**TASK ITEM**:
A faithful copy of all the records is needed, with the pictures omitted.

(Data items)
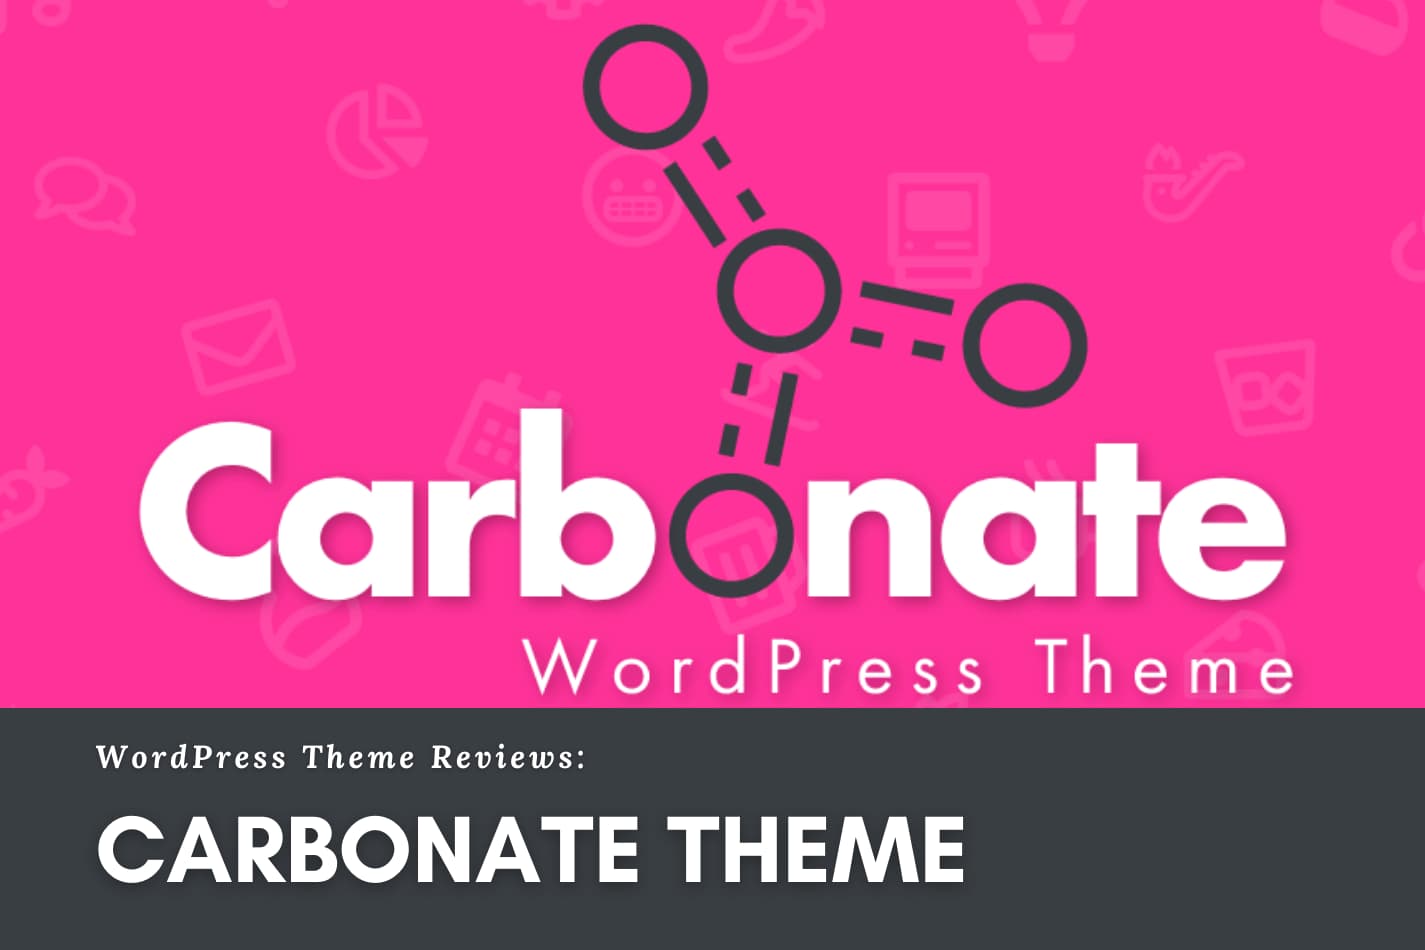 The fastest theme in WordPress - carbonate theme review
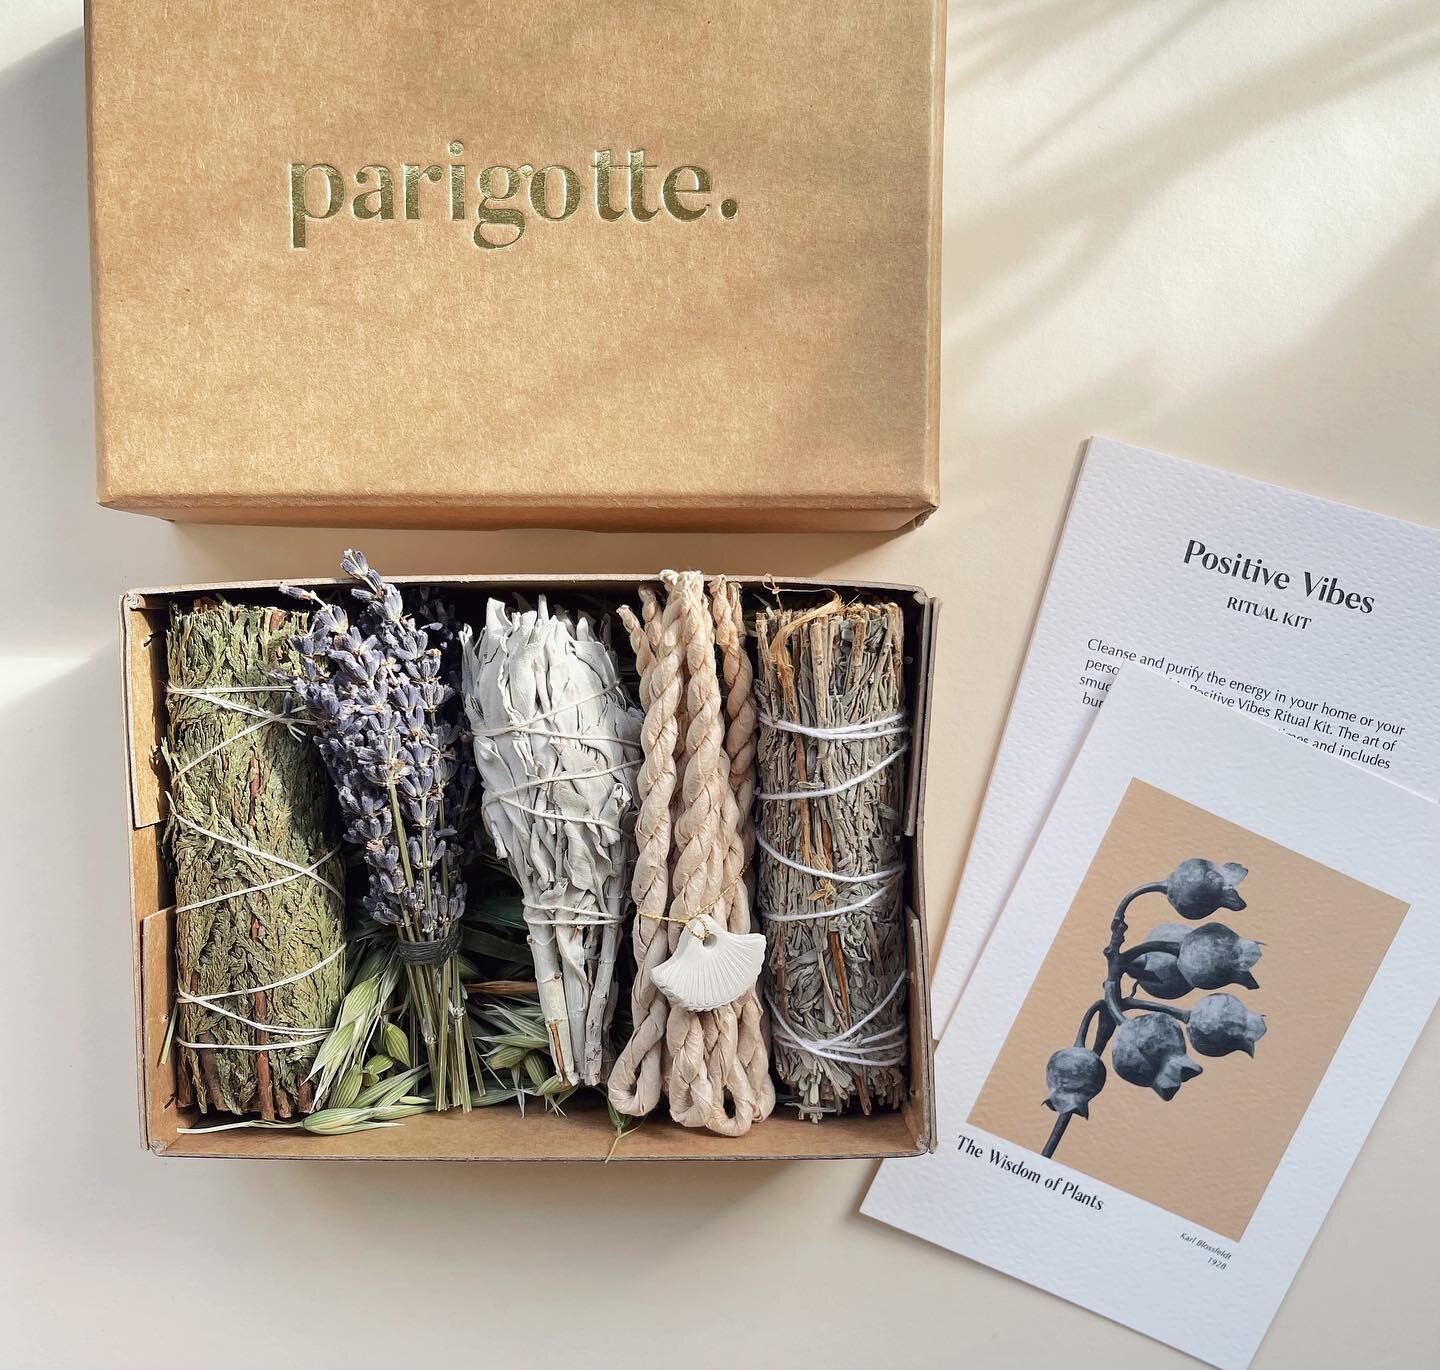 POSITIVE VIBES ✨

Cleanse and purify the energy in your home or your person with this beautiful handmade Positive Vibes Ritual Kit. 
This kit comes with:

- 1 White Sage from California, 100% ethically sourced (approx. 11cm long) - 1 Californian Dese
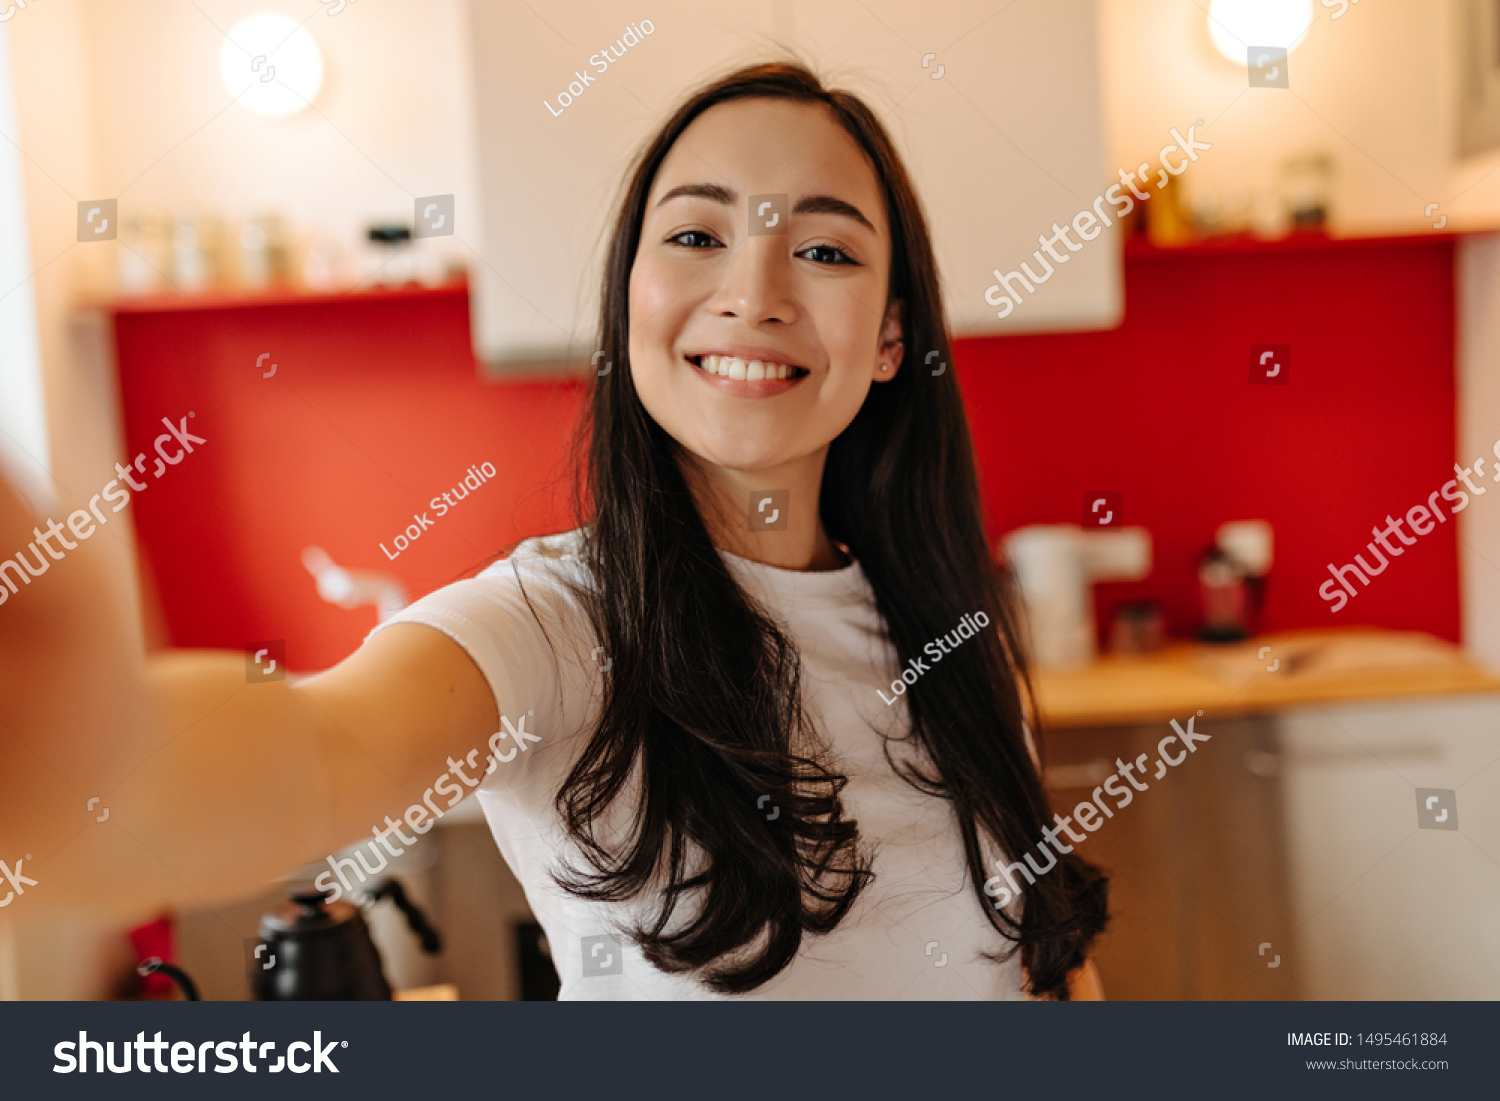 Woman in great mood takes selfie in kitchen. Portrait of brown-eyed girl #1495461884
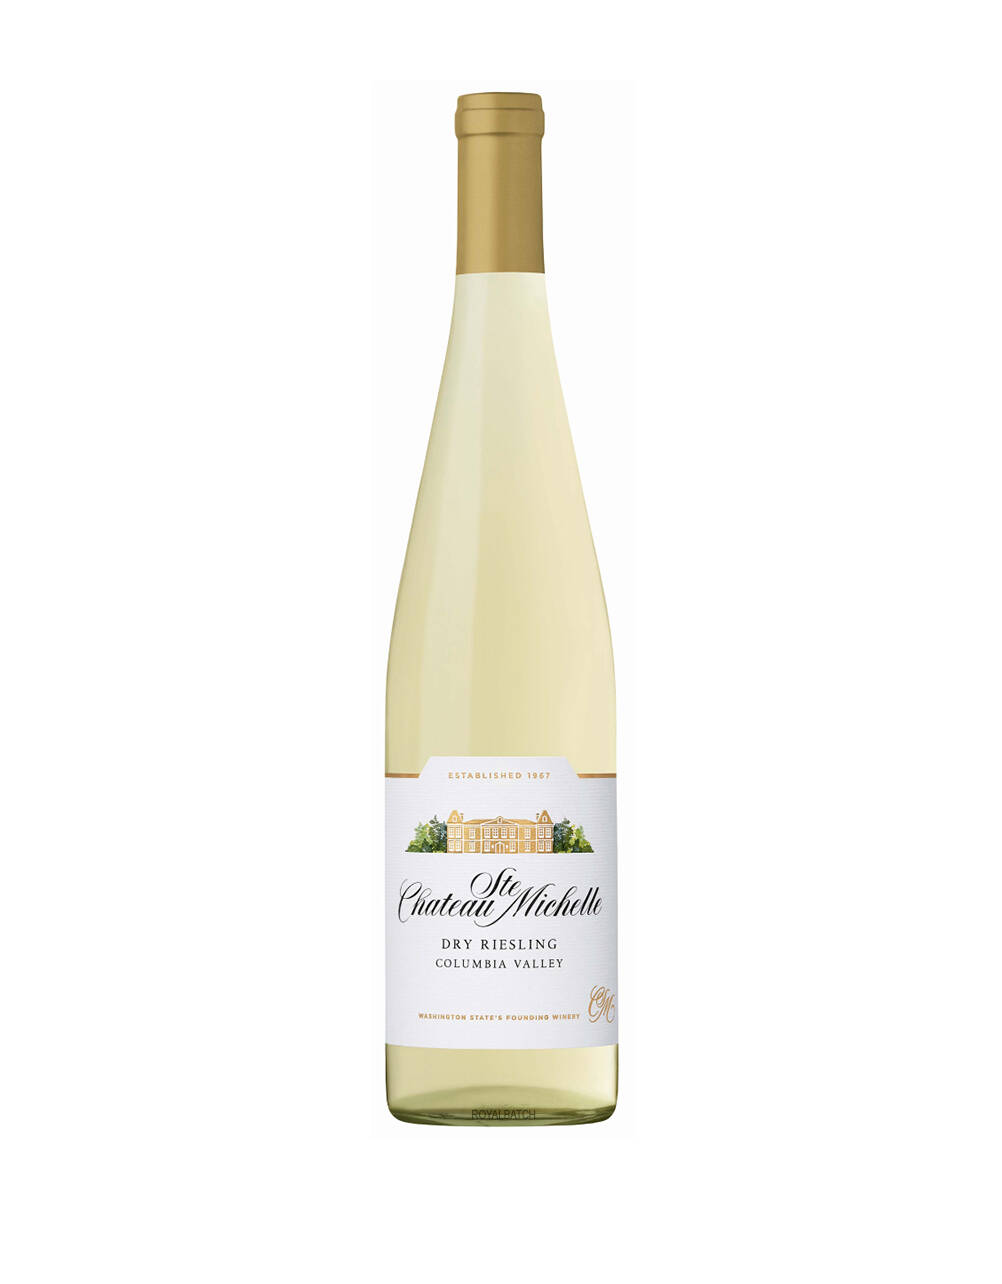 Chateau Ste Michelle Dry Riesling Wine
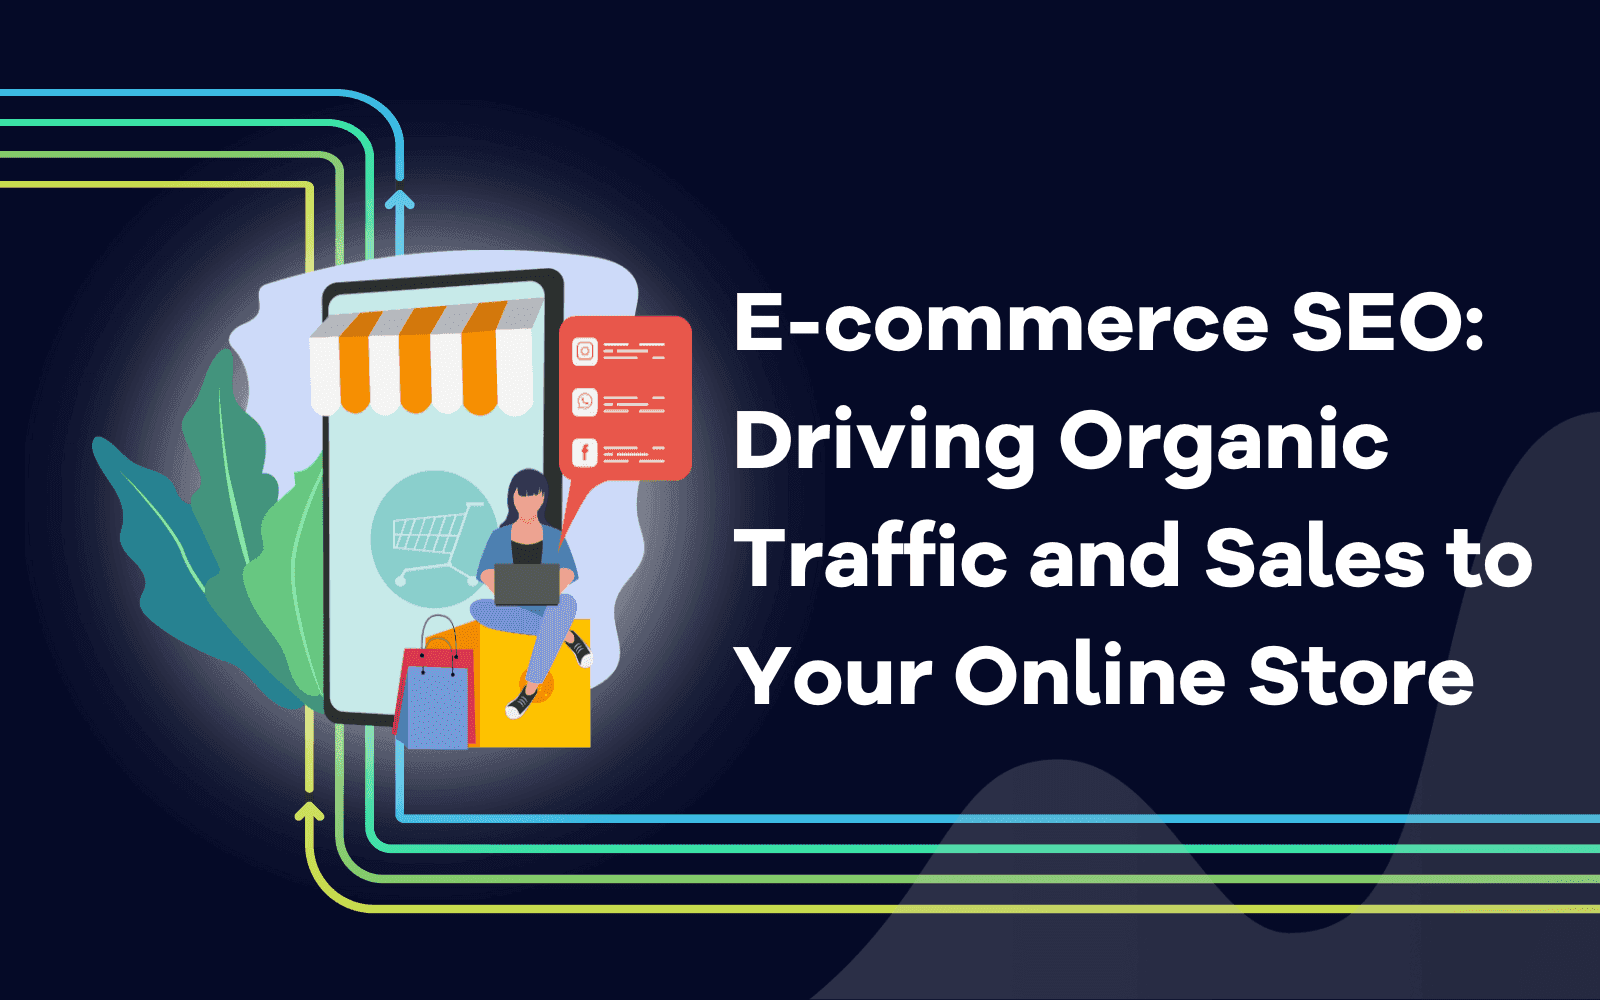 E-commerce SEO Driving Organic Traffic and Sales to Your Online Store

**ANSWER FOR THIS EXERCISE**:
 The fastest theme in WordPress - carbonate theme review
 POSITIVE VIBES ✨

Cleanse and purify the energy in your home or your person with this beautiful handmade Positive Vibes Ritual Kit. 
This kit comes with:

- 1 White Sage from California, 100% ethically sourced (approx. 11cm long) - 1 Californian Dese
 Woman in great mood takes selfie in kitchen. Portrait of brown-eyed girl #1495461884
 Chateau Ste Michelle Dry Riesling Wine
 E-commerce SEO Driving Organic Traffic and Sales to Your Online Store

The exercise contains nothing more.